At the moment, the only way to get it working fast is using:

 SELECT ...
 FROM victim
 WHERE vic1_business_name LIKE '%$search_vic_business_name%' -- etc.
 UNION 
 SELECT ...
 FROM victim
 WHERE vic2_business_name LIKE '%$search_vic_business_name%' -- etc.

But it's cumbersome and not advisable. A seperate table victims, with a victim_relations table joining the 2 together would do the trick.

Wrikken
+1 but victim_relations might not be required as we don't know if it is 1-to-many or many-to-many
Martin Smith
I will seperate the two into two tables (victim1 victim2) and then join as you have suggested. Thank you for your help.
George Garman
@George - That wasn't the suggestion! Just to be clear there is no semantic difference between victim1 and victim2? When there are 2 victims it's arbitrary whether they are victim1 or victim2?
Martin Smith
No, his suggestion was a separate table for all victims and a many-to-many join table, which is rather odious to implement and apparently unnecessary in this case. On the other hands, victim1 and victim2 is (I think) illogical. If victim1 is not 'worth less than victim2' in real life, your DB design shouldn't make that distinction either.Also, be sure to know the difference between a `UNION` and a `JOIN`; he suggests a `UNION` as a quick fix if you don't want to change the table structure.
MvanGeest
Sorry Martin Smith, took me a long time to write the comment, and I wrote the same in more words :(
MvanGeest
Well, indeed, in one-to-one one could also have a victim_rel column in victims setting it to an id of the relation. Might be more appropriate indeed. And as everyone has sais: no 2 tables fof victims, just the single one.
Wrikken
+1  A: 

You could try getting your victims into a more useable form first:

((SELECT vic1_business_name, vic1_fname, vic1_lname, vic1_address, vic1_city, vic1_state, vic1_dob)
UNION
(SELECT vic2_business_name, vic2_fname, vic2_lname, vic2_address, vic2_city, vic2_state, vic2_dob))

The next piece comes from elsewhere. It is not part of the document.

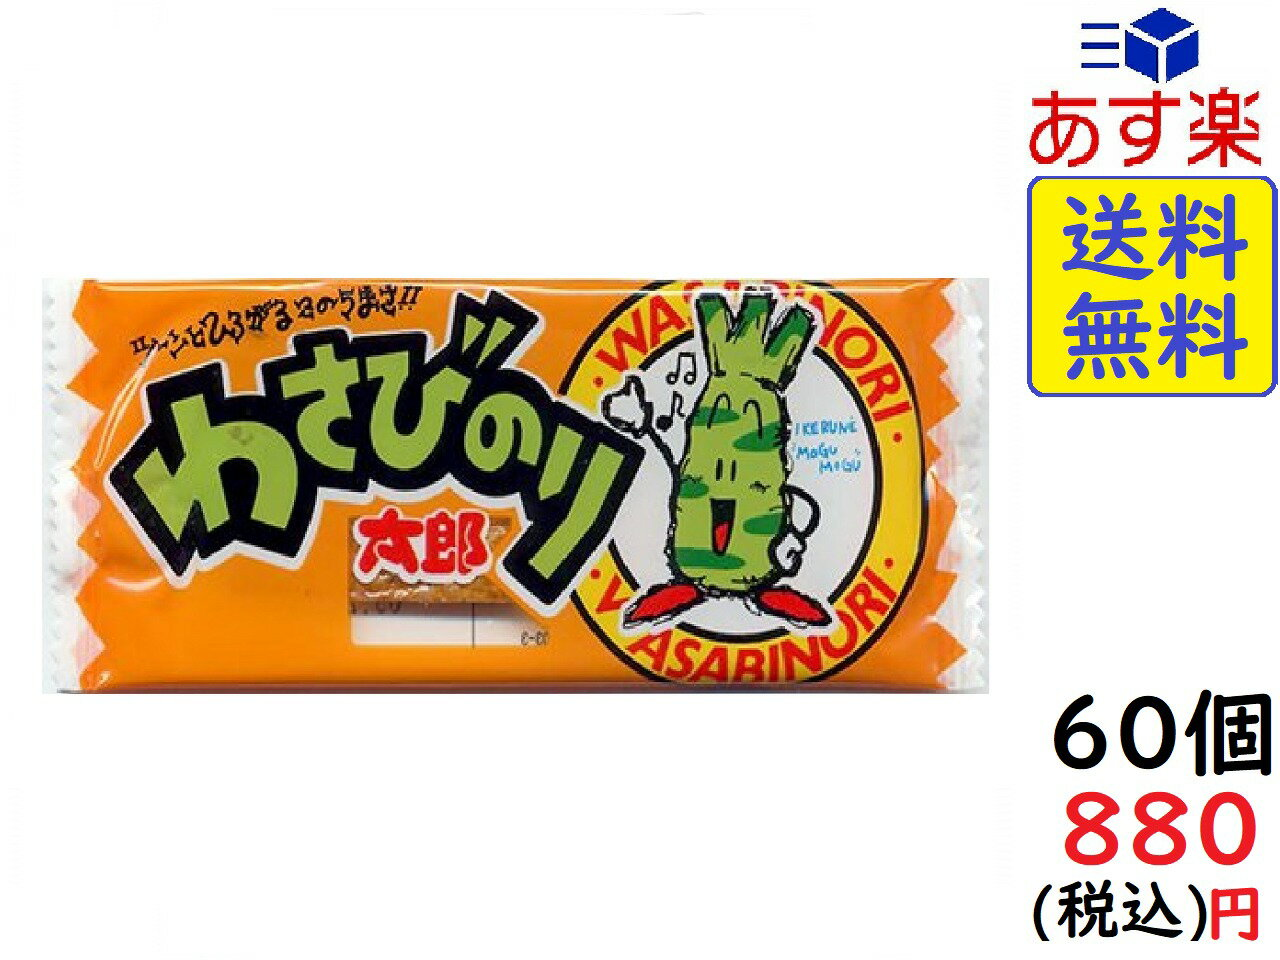 菓道 わさびのり太郎 ×60袋 賞味期限残り2ヶ月以上。
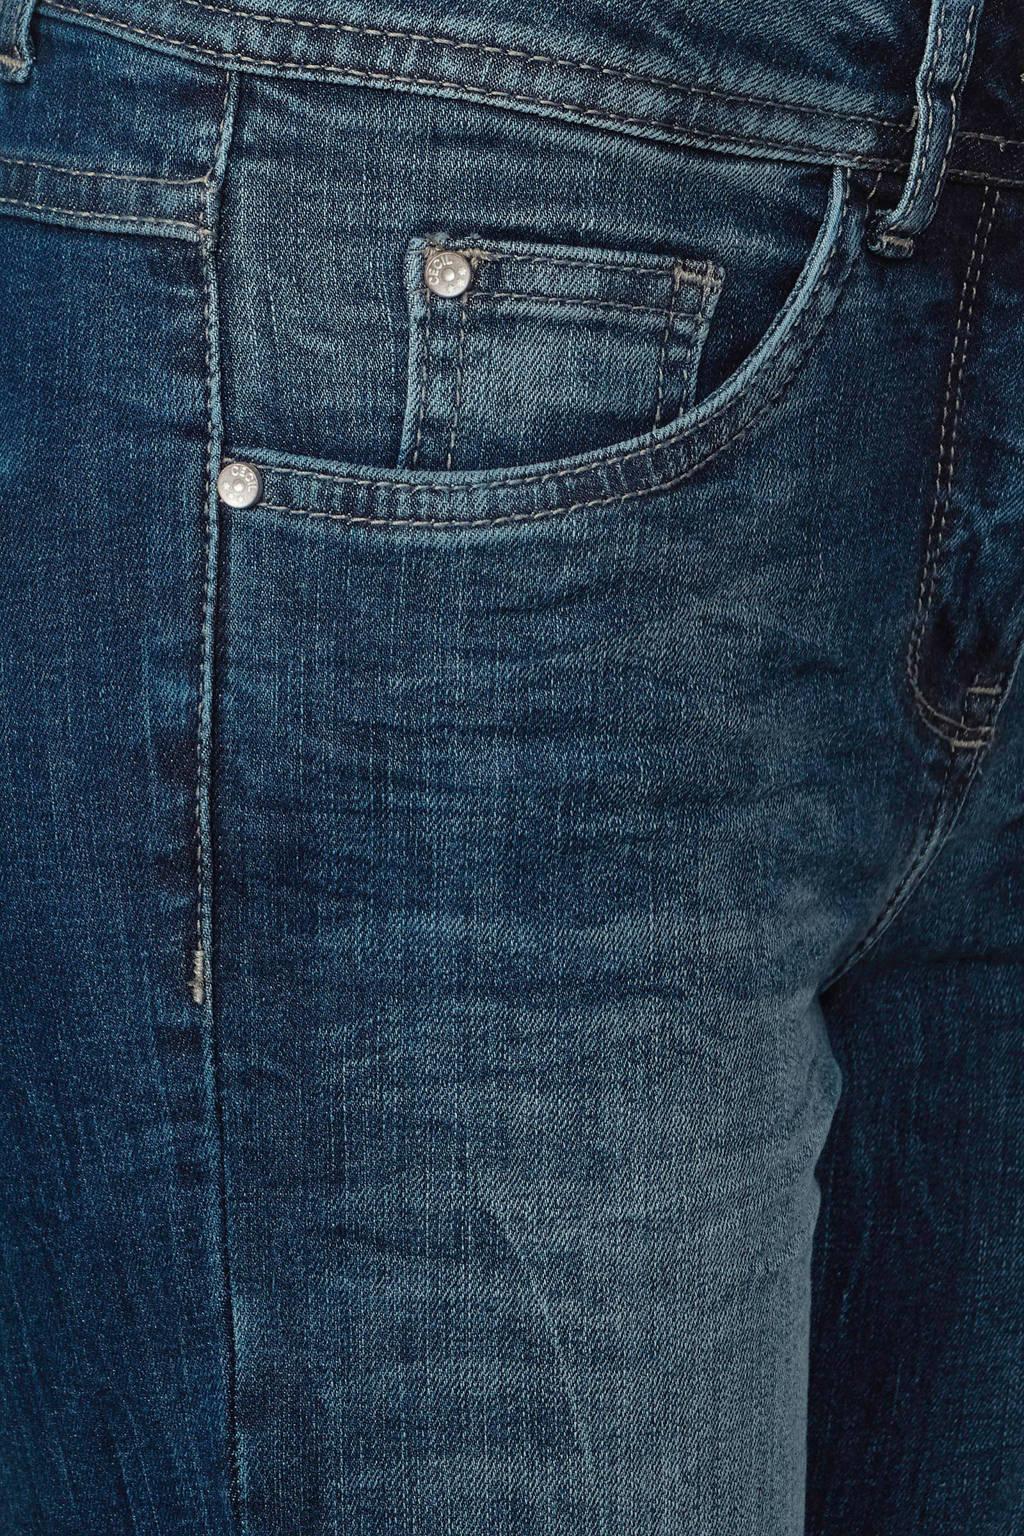 Cecil Cecil Jeans Jeans Cecil Jeans Cecil Jeans 7I7rqBwp

Using that in a FROM expression should give you a list of all victims, one per line.

VeeArr
So you are suggesting I have a separate table for each victim?
George Garman
No, I'm suggesting you use the union that I provided to search through (as if it were the victims table itself). The select union I provided gives the same data as your original table, but splits it up one victim per line.